-- Opening Marker --

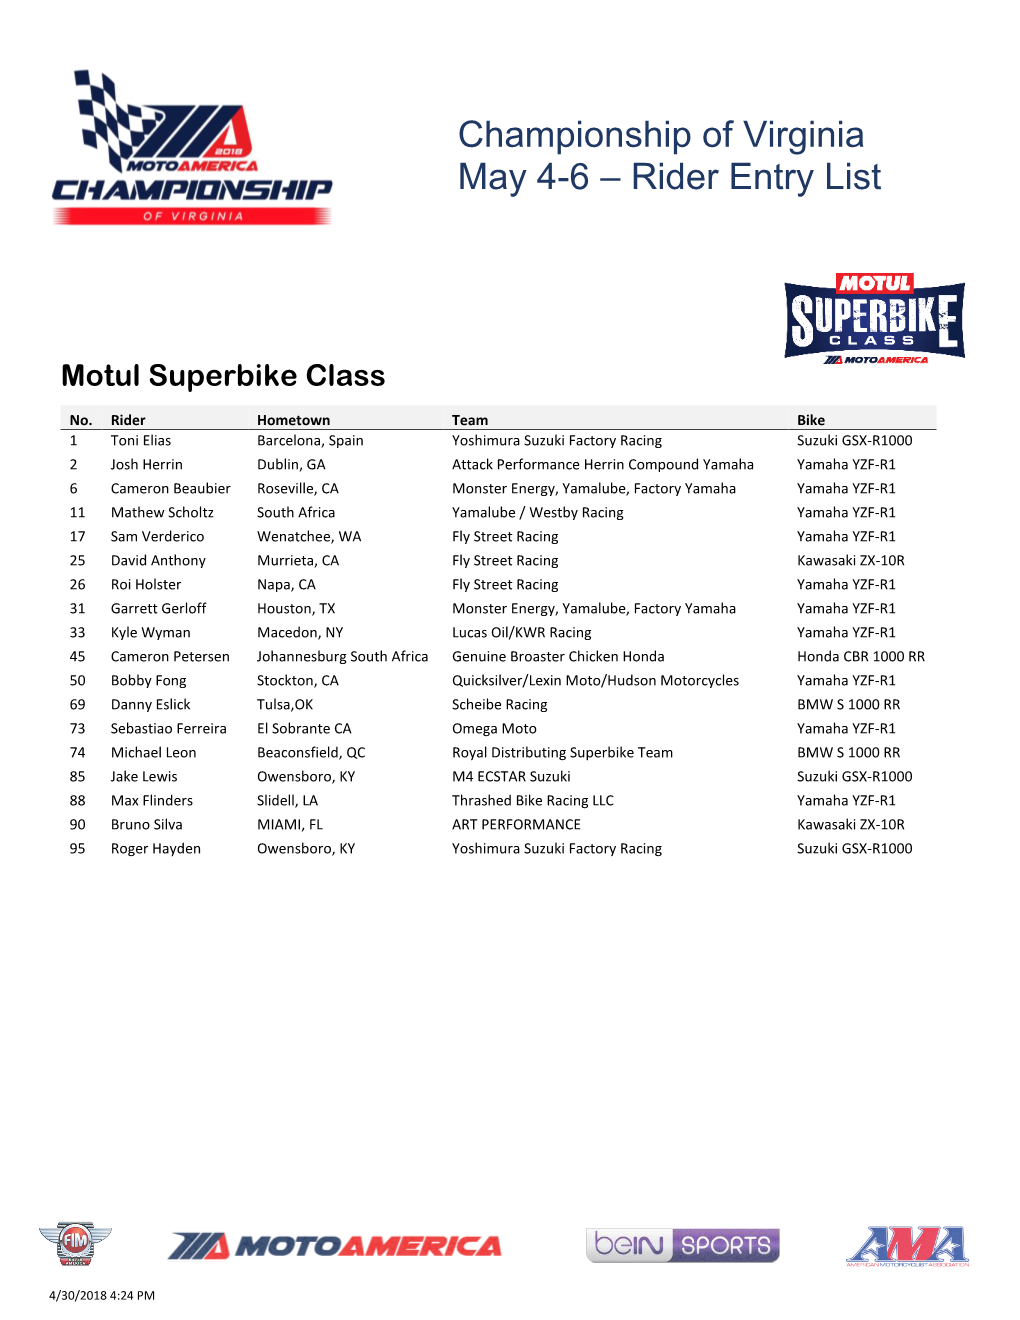 Championship of Virginia May 4-6 – Rider Entry List
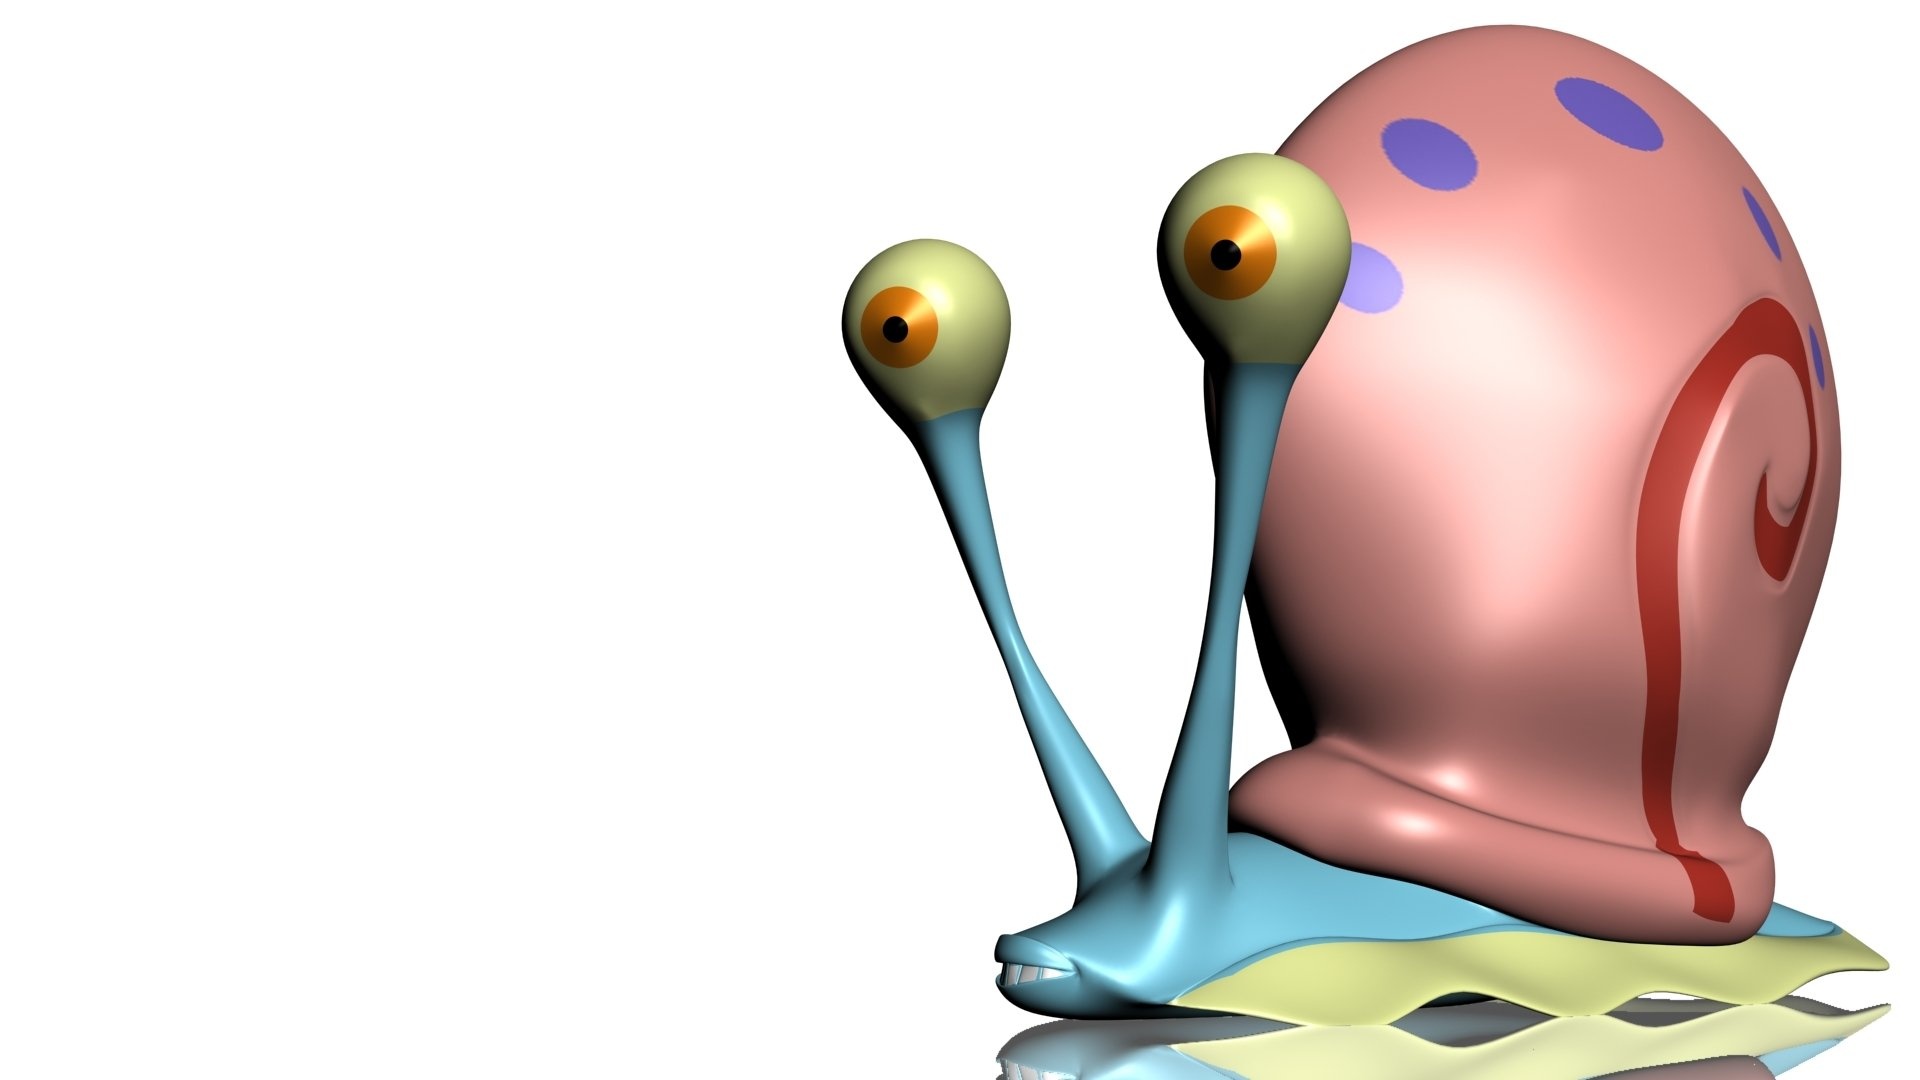 Gary the Snail, 3D model, Animated character, 1920x1080 Full HD Desktop
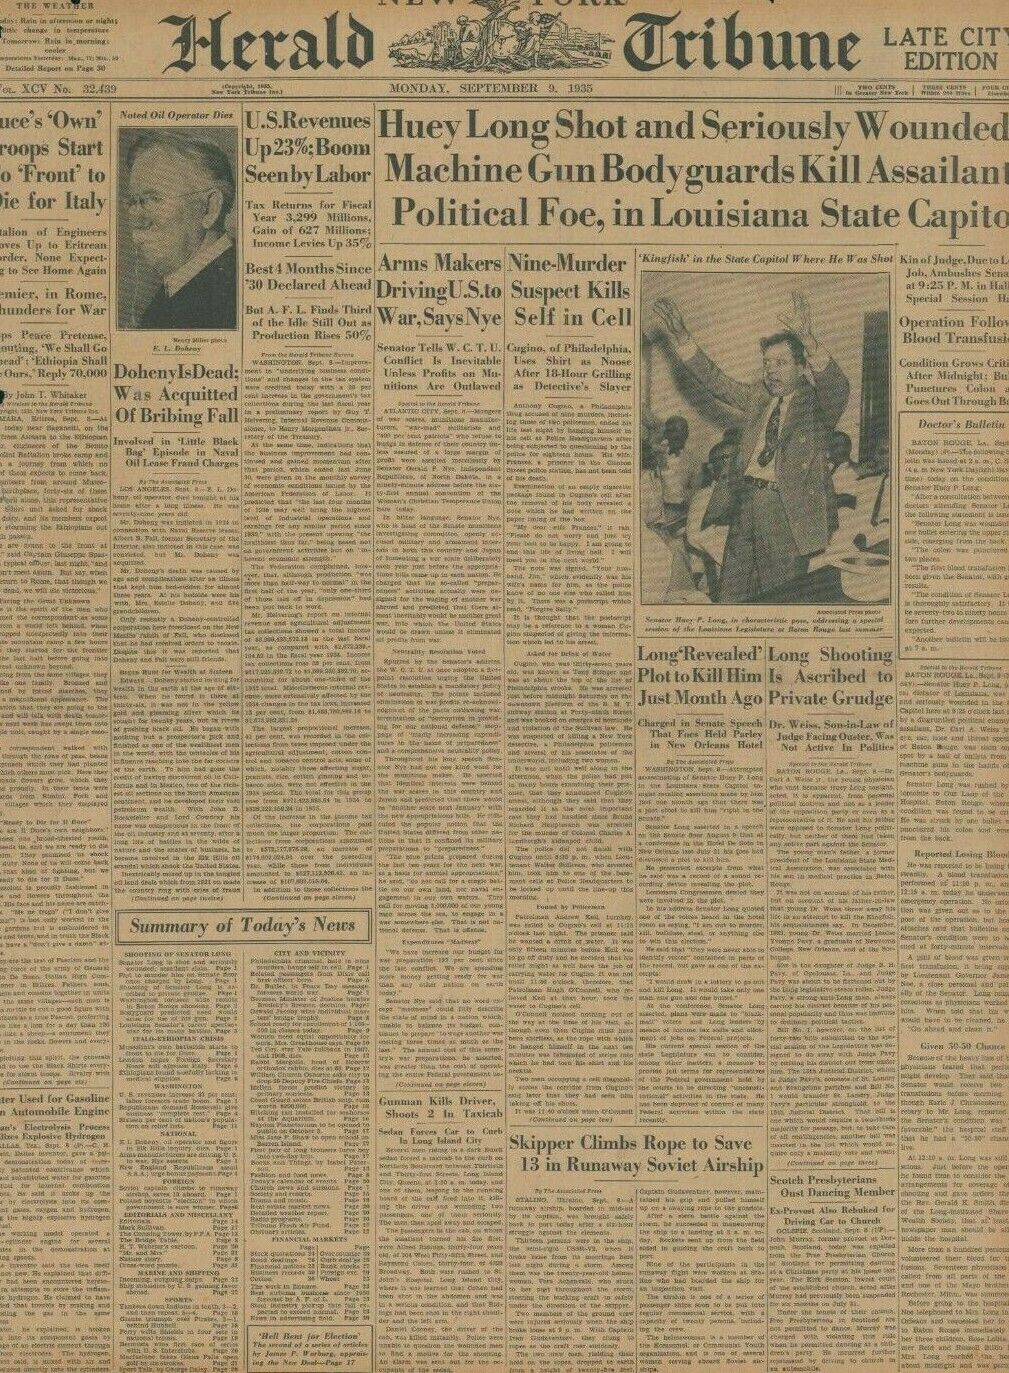 Senator Huey Long Kingfish Shot Given 50:50 Chance Carl Weiss September 9 1935 
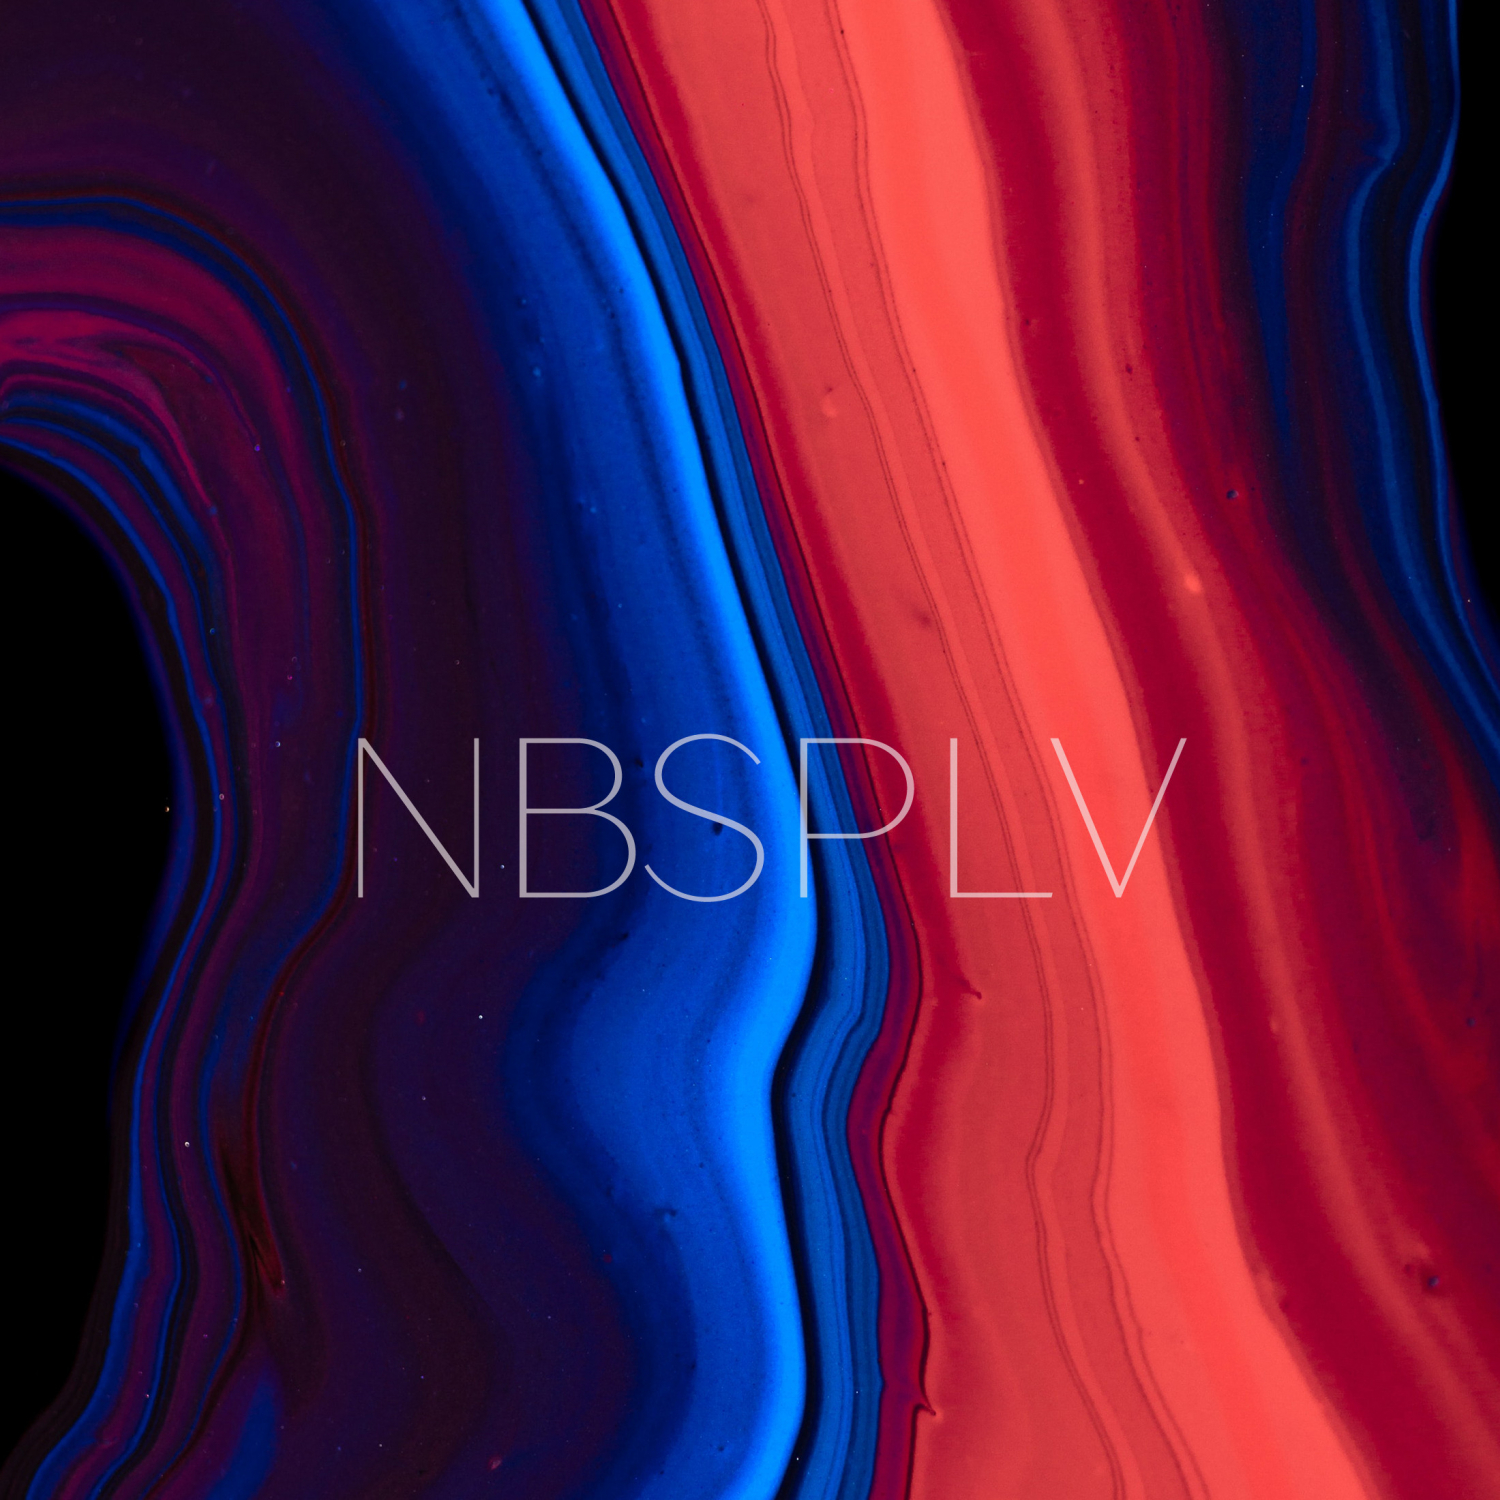 Cold waves. NBSPLV myriad Wave. NBSPLV обложки альбомов. Артист NBSPLV. NBSPLV Cold Waves.

-- Closing Marker --

◆ Task details: Return the listing exactly as it appears, excluding any image.

◆ Exercise result:
 Championship of Virginia May 4-6 – Rider Entry List
 Gary the Snail, 3D model, Animated character, 1920x1080 Full HD Desktop
 Senator Huey Long Kingfish Shot Given 50:50 Chance Carl Weiss September 9 1935 
 Cold waves. NBSPLV myriad Wave. NBSPLV обложки альбомов. Артист NBSPLV. NBSPLV Cold Waves.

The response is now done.